Because he invented and forged tools devoted to agriculture, circumcision, and warfare, traditionally considered “men’s business,” Ogun, the West African deity of iron, is often considered a “man’s deity.” However, once upon a time, another aspect of Ogun’s devotions, now largely abandoned, involved snake charming and dancing. Women were his chief devotees in this aspect of his cult.
Snakes are beautiful, flexible, and often goodnatured: they’re willing to be handled and may participate in the dance. Women from all over Earth have danced with snakes as part of magical and spiritual rites. Some belly dancers and other traditional dancers still dance with snakes; this is not an abandoned, forgotten tradition.
Historically significant snake dancers include:
The Maenads, who allegedly danced with snakes, engaged in snake charming and wore snakes in their hair as crowns. (Deities like Brigid, Hecate, Lilith, and Persephone are depicted with similar hair-dos. Snake-haired Medusa may also be understood to embody this concept.)

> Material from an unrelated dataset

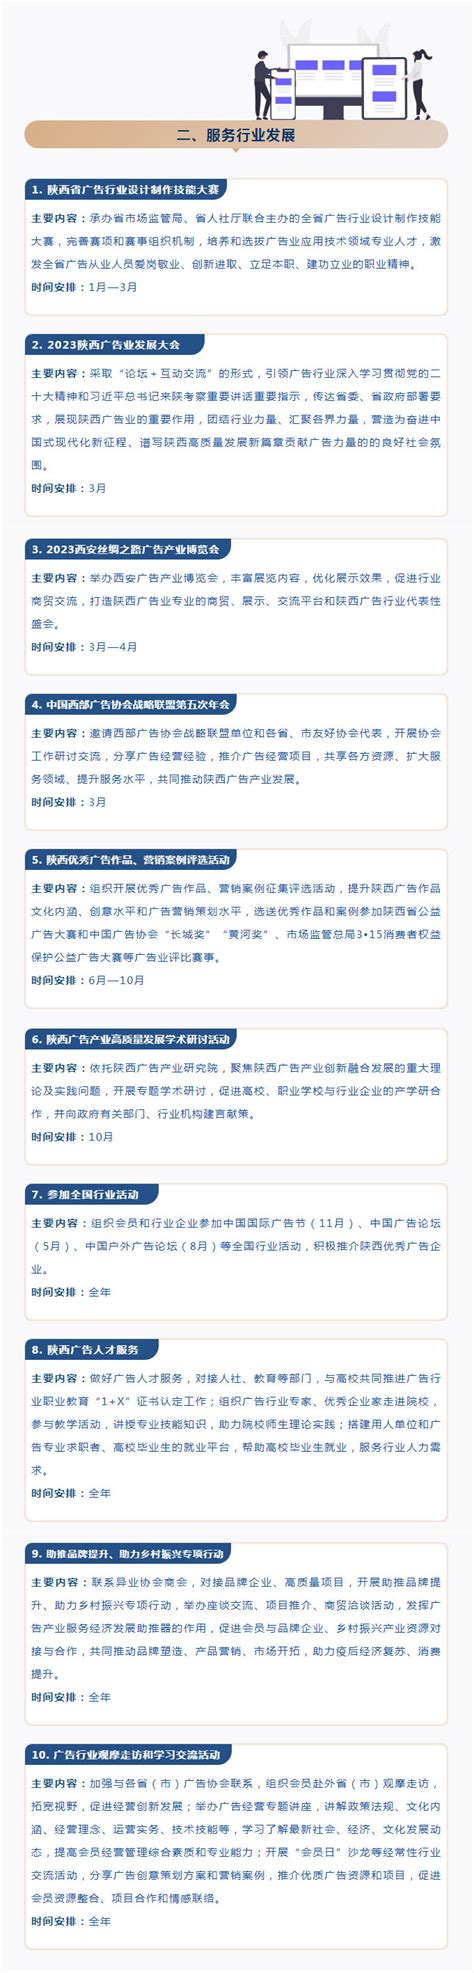 陕西广电e+TV高清数字业务整合营销推广策划-上海营销策划公司-尚略广告
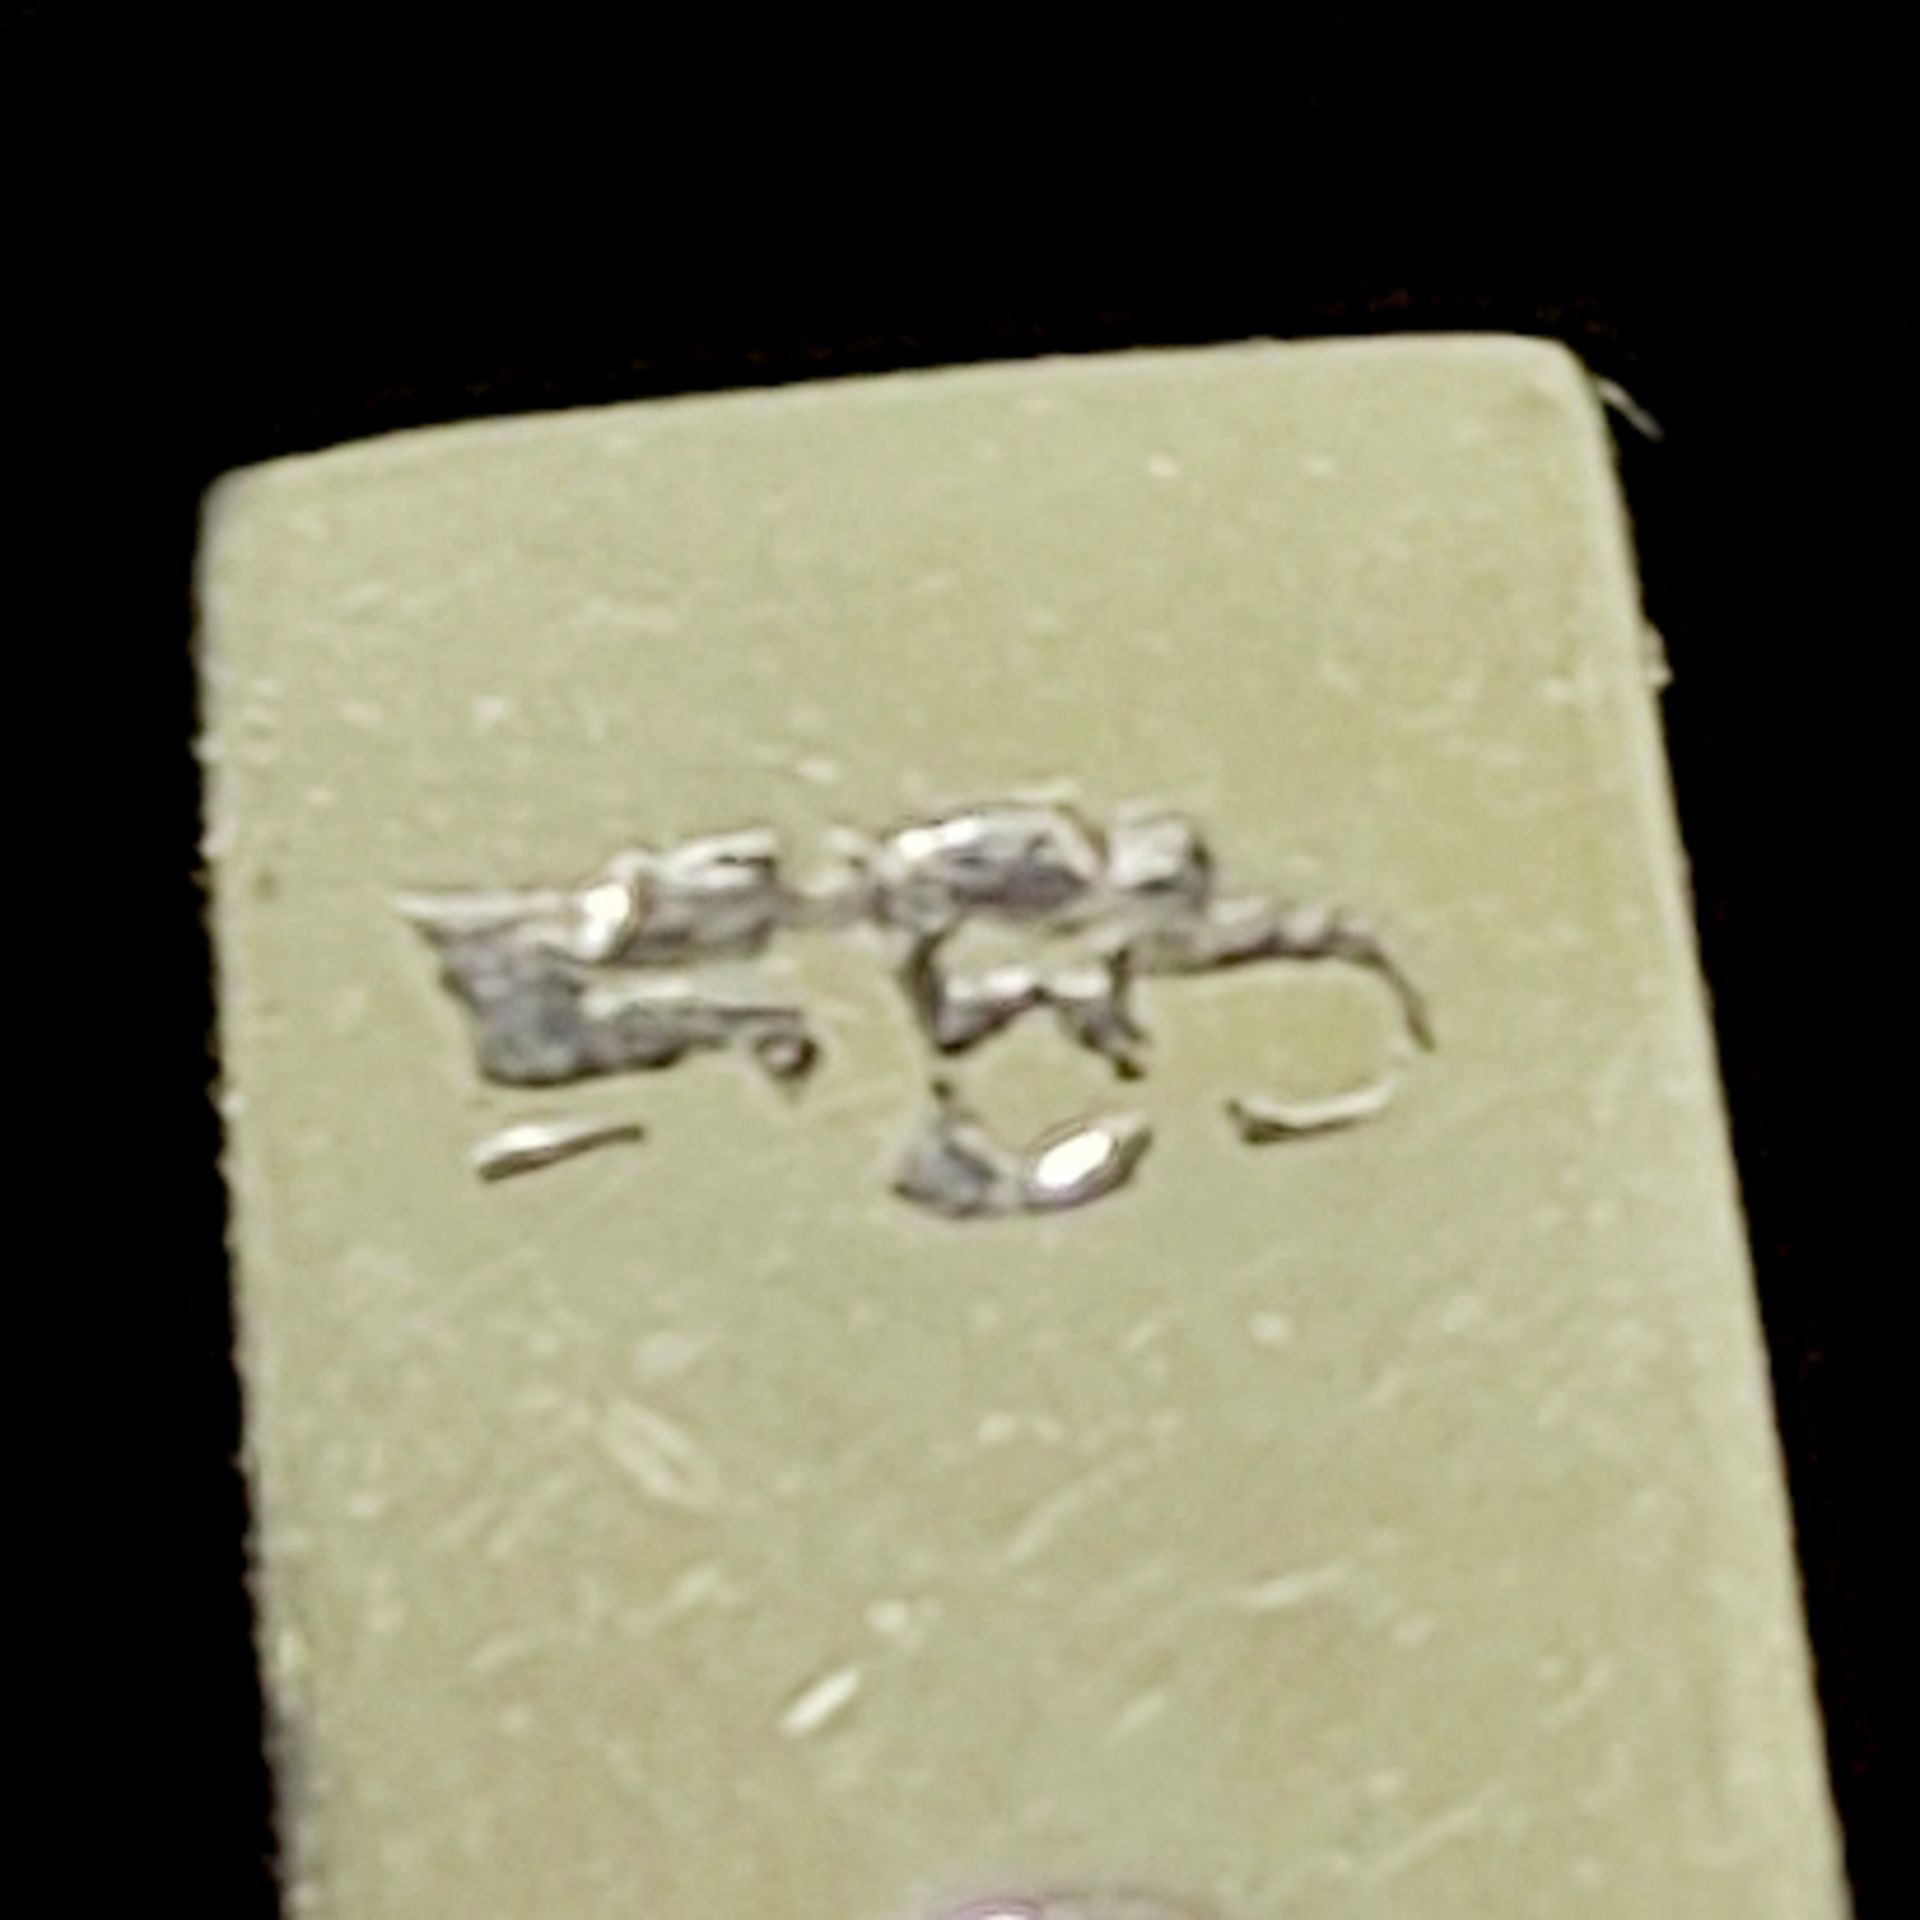 Perlen-Diamant-Armband, 585/14K Weißgold (punziert), 13,85g, schauseitig vegetabiles, durchbrochen  - Bild 3 aus 3

The Italian deity Angitia was the niece of the sorceress-spirit Circe. She learned her aunt’s magical secrets including fire-walking and snake charming and brought them to the Roman region. (See DIVINE WITCH:Angitia.)
Marie Laveau, the self-proclaimed Pope of Voodoo, famously danced with her snake, the Grand Zombi, during Midsummer’s Eve rituals on the Bayou St John. Her snake’s name often confuses because it sounds identical to the zombis, the living dead, of Haitian lore. However, in this case, Zombi is a variant of what is now most commonly spelled Simbi in English. Simbi is a powerful water-snake deity of Congolese origin.
Mami Waters, currently an extremely popular West and Central African deity, is most often depicted in the guise of a snake charmer. Mami Waters was originally a water-snake spirit, similar to a mermaid. Once a minor, regional spirit, during the later twentieth century she emerged as among the most popular deities of a newly urbanized sub-Saharan Africa. An old German theatrical poster promoting a snake charmer somehow became identified with Mami Waters; it is now her most popular devotional icon.
There is also a different type of snake dance, which may or may not incorporate living snakes. This dance is also known as a serpentine—or line—dance. A company of dancers—the more numerous the more effective—forms a sinuous, twisting line that mimics the motion of a snake. This type of dance is also commonly called a spiral dance.
The serpentine dance is an affirmation of life and the potential for resurrection. The original danse macabre in its primitive form reproduced the movements of the serpentine line dance although no apparent conscious associations with snakes exist. In this context the danse macabre may be understood as either affirming life in the face of death or of succumbing to the despair of the Black Death.
Neolithic statuettes and other surviving stone and pottery crafts are often embellished with spirals; these spirals curve around bodies, most typically around those anatomical parts most associated with sex and procreation. These spirals are understood as representing serpentine power: they protect, preserve, enhance, and increase generative, creative power.
The twisting line of serpentine dancers essentially recreates a giant, magical snake that spirals around sacred sites, trees, mountains, and homes (or anything else); the dancers reproduce the motif of the spiraling snake; they, too, generate magical energy and blessings.